Many parents have taken leadership roles and are actively involved in advocating for their children and others with disabilities. They serve as representatives on panels, they have leadership roles on boards, and they work in non-profit organizations and government agencies. They have testified before school boards, legislative bodies and at public hearings. Here are some of their stories.
Mitzi Proffitt, a Director at Parent to Parent of Georgia shares the story of how she has achieved a leadership role with the Georgia Council on Developmental Disabilities (GCDD).
Patricia Lanaspa, a staff member at Parent to Parent of Georgia, tells her story of how she came into a leadership role in the through her work at P2P and as Chair of the Community Advisory Council for the Center for Leadership in Disability (CLD) at Georgia State.
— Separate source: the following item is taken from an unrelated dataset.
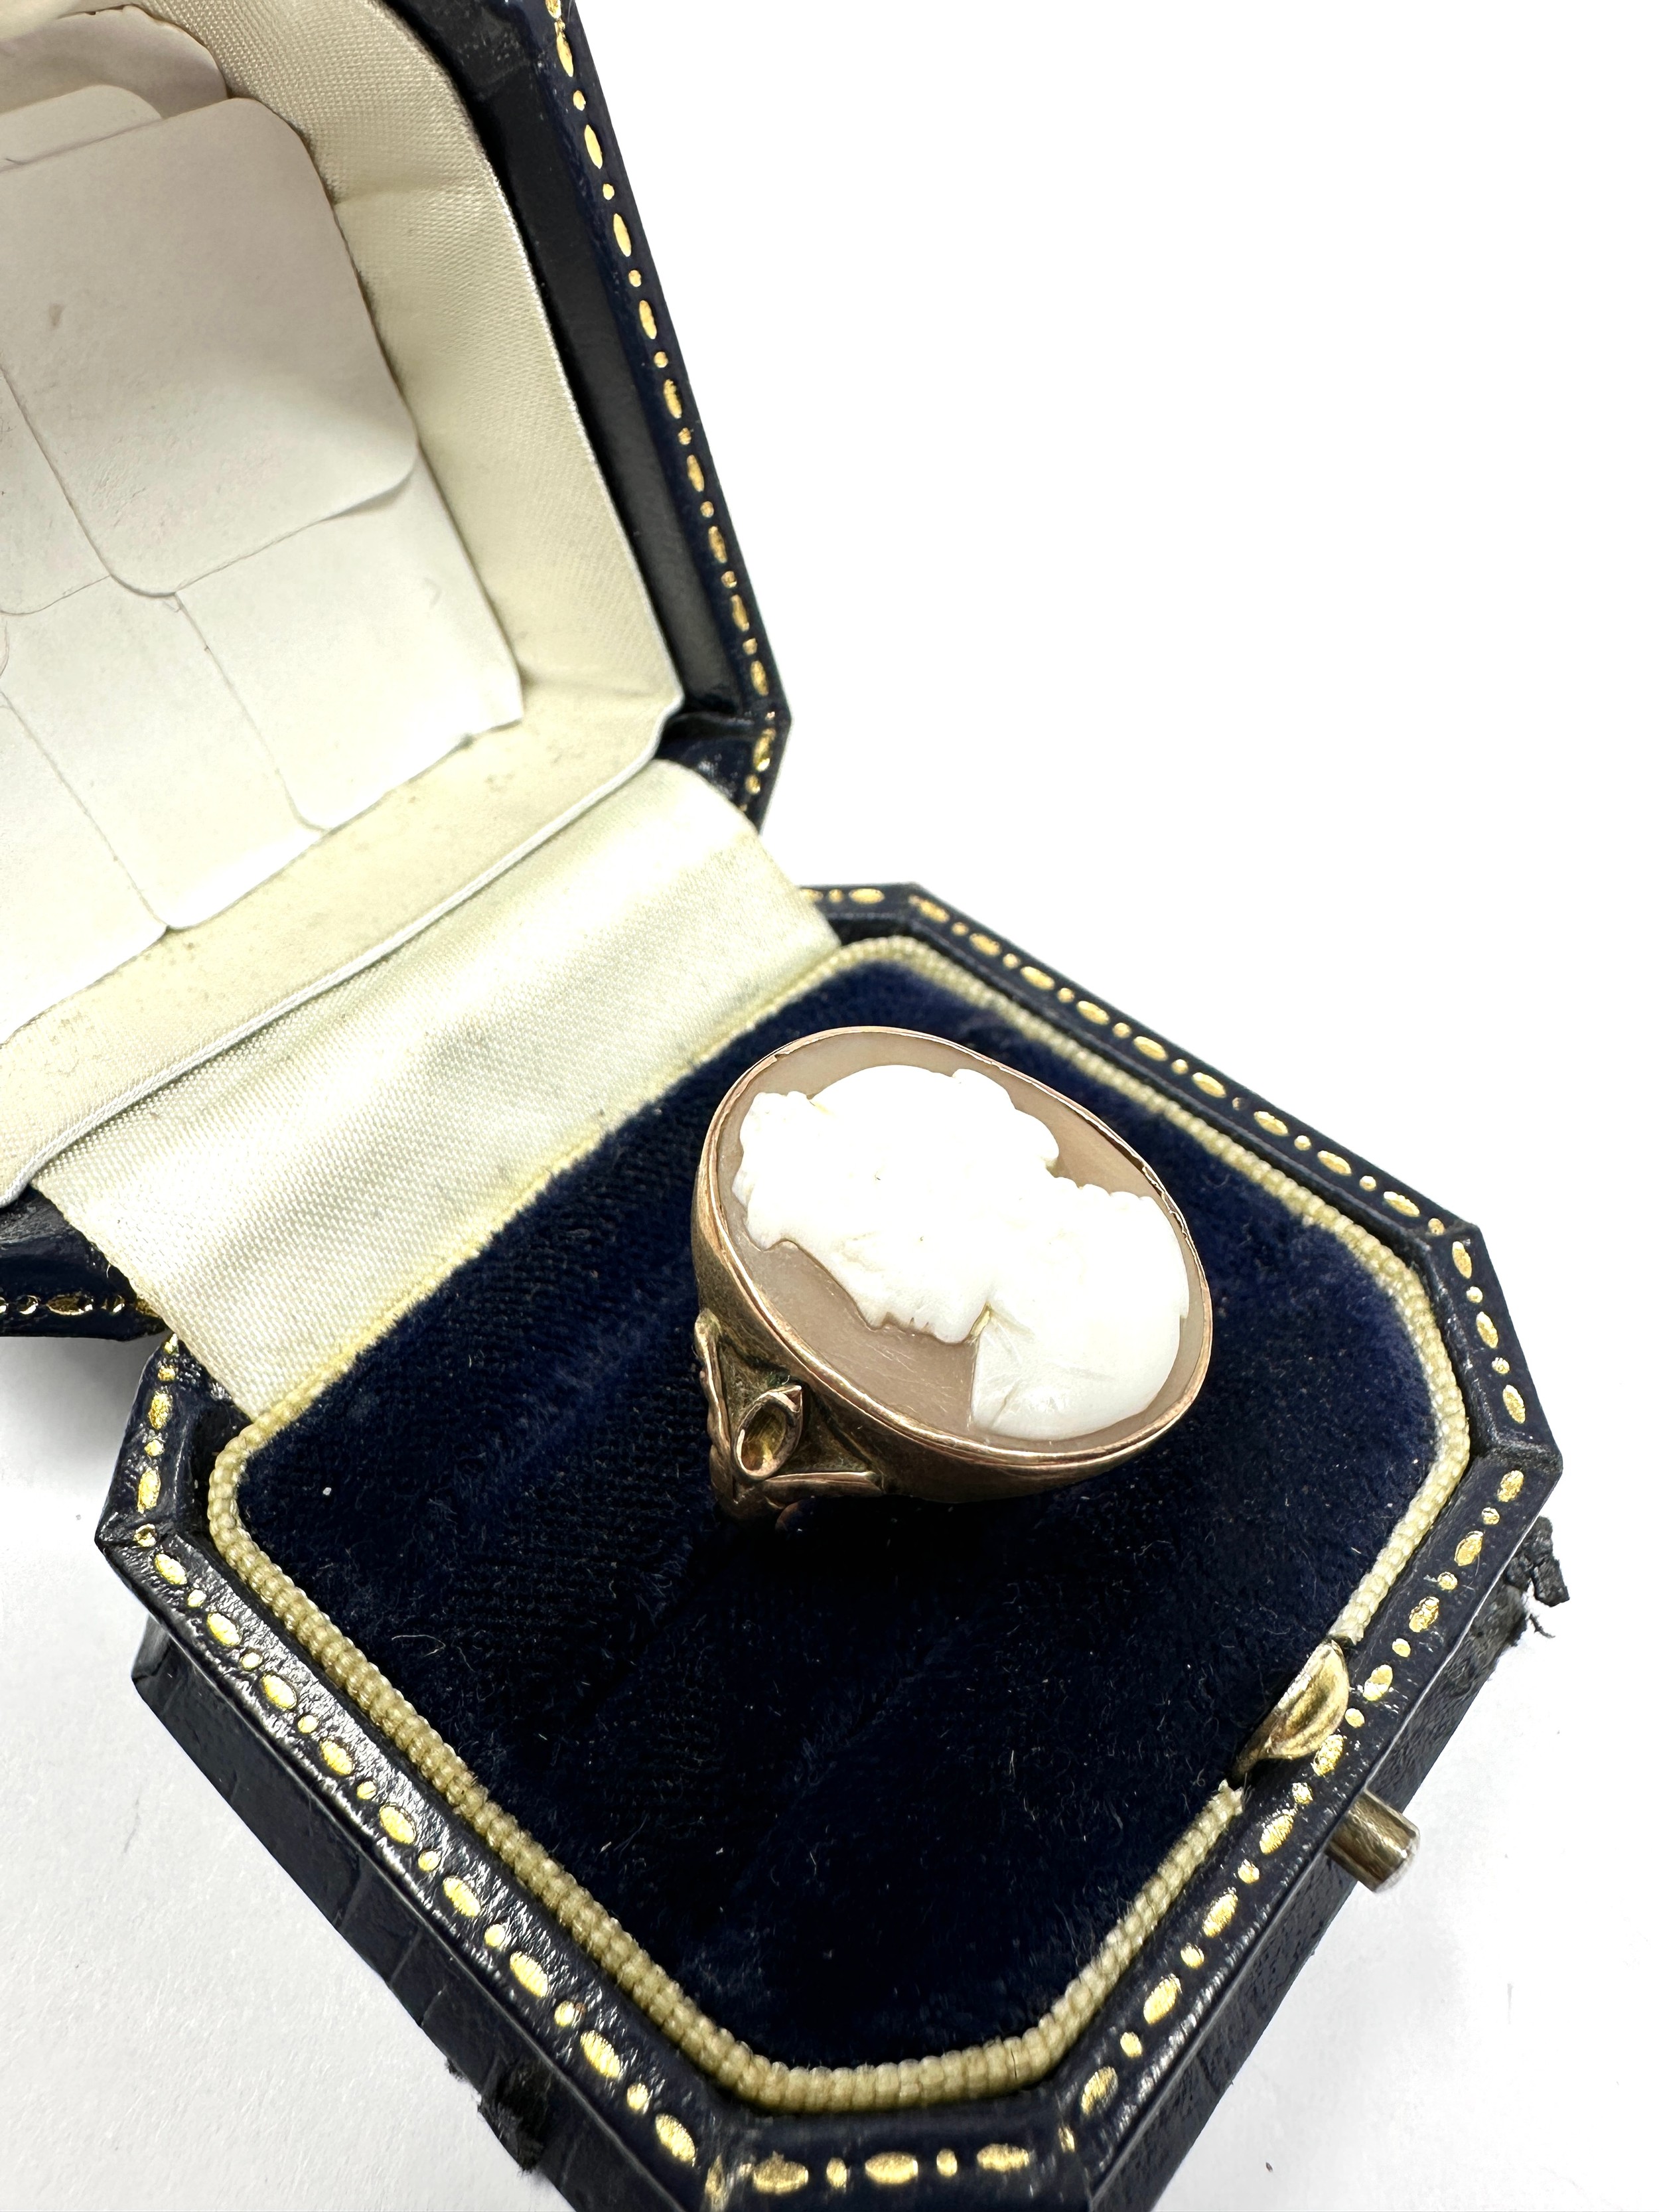 9ct Gold Cameo Ring (3.1g) - Image 2 of 3

“It takes a village to raise a child.” I have heard that phrase since I was a little girl. I was raised in a community where my neighbors and my relatives are one and the same. For that reason, I always assumed that “village” meant my aunts, uncles, grandparents, and cousins. They loved me, taught me, and shaped me. When I became a parent, I assumed I would be able to turn to my family for support and guidance. When my youngest son was born and we discovered he wasn’t the picture of health, my village started to dwindle. They were afraid. They were unsure of how to talk to me, terrified of offering to help care for my son, and hesitant to build a bond with a beautiful baby that may not be here much longer. I knew this because I had the same feelings for a while there. So here I was, two children; one on the spectrum and the other a medical enigma, working with a skeleton crew. To say I set out on a quest to find my village seems a little dramatic, but that’s exactly what I had to do if I had any hope of surviving parenthood!
Small towns are notorious for not having much, and that certainly rang true for special needs organizations. There were no “support groups” when my boys were little. My first shot at finding my village was an adaptive baseball team. I still remember our first game, even though it was over ten years ago. I timidly walked my boys up to the field as if I was afraid they would take one look at us and turn us away like a pack of stray dogs. Imagine my surprise when they greeted us like they had known us for years! It was such a great relief. Our village grew a whole baseball team bigger that day…and that was just the beginning! Since then I have grown stronger as a mom, as a friend, and as an advocate. My village opened doors for me that helped me find my voice in a world that sometimes feels hidden.
A few years after meeting those wonderful women on that baseball field, I was sitting in a doctor’s office with my youngest son and struck up a conversation with a mom who was just starting her journey. Our children did not share diagnoses, but I saw myself in the uncertainty in her eyes. I think that was my “aha moment.” I could make a difference in her world! I instantly took on the role of the diplomat for the special needs community; the person that would show her that she has a huge village, just waiting for her to show up! It is hard to explain the feeling you get when you help someone who feels helpless. It’s almost addictive. I often overwhelm myself with volunteer opportunities, not because I cannot say “no”, but because helping others helps me. I have learned so much about myself, my children, and my community.
Growing up, I always dreamed of becoming a mother. It’s all I have ever wanted. Never once in those dreams did my children have special needs. Now, I won’t sit here and tell you that raising two kids with special needs is an easy peasy dream come true, because I would be lying! However, being their mom has opened doors that I never would have even known about. Thanks to my boys, I am a supporting parent volunteer with Parent to Parent. I am an educational advocate. I am working towards becoming an educational surrogate, and I have a passion for connecting new parents to the resources they need. Thanks to my boys, I can go to that new mom at the therapy office, the young parents in the specialist’s waiting room, or the worn out mom in the grocery store who looks like she’s about to break and say “Hello, my name is Donna. Let me introduce you to your village.”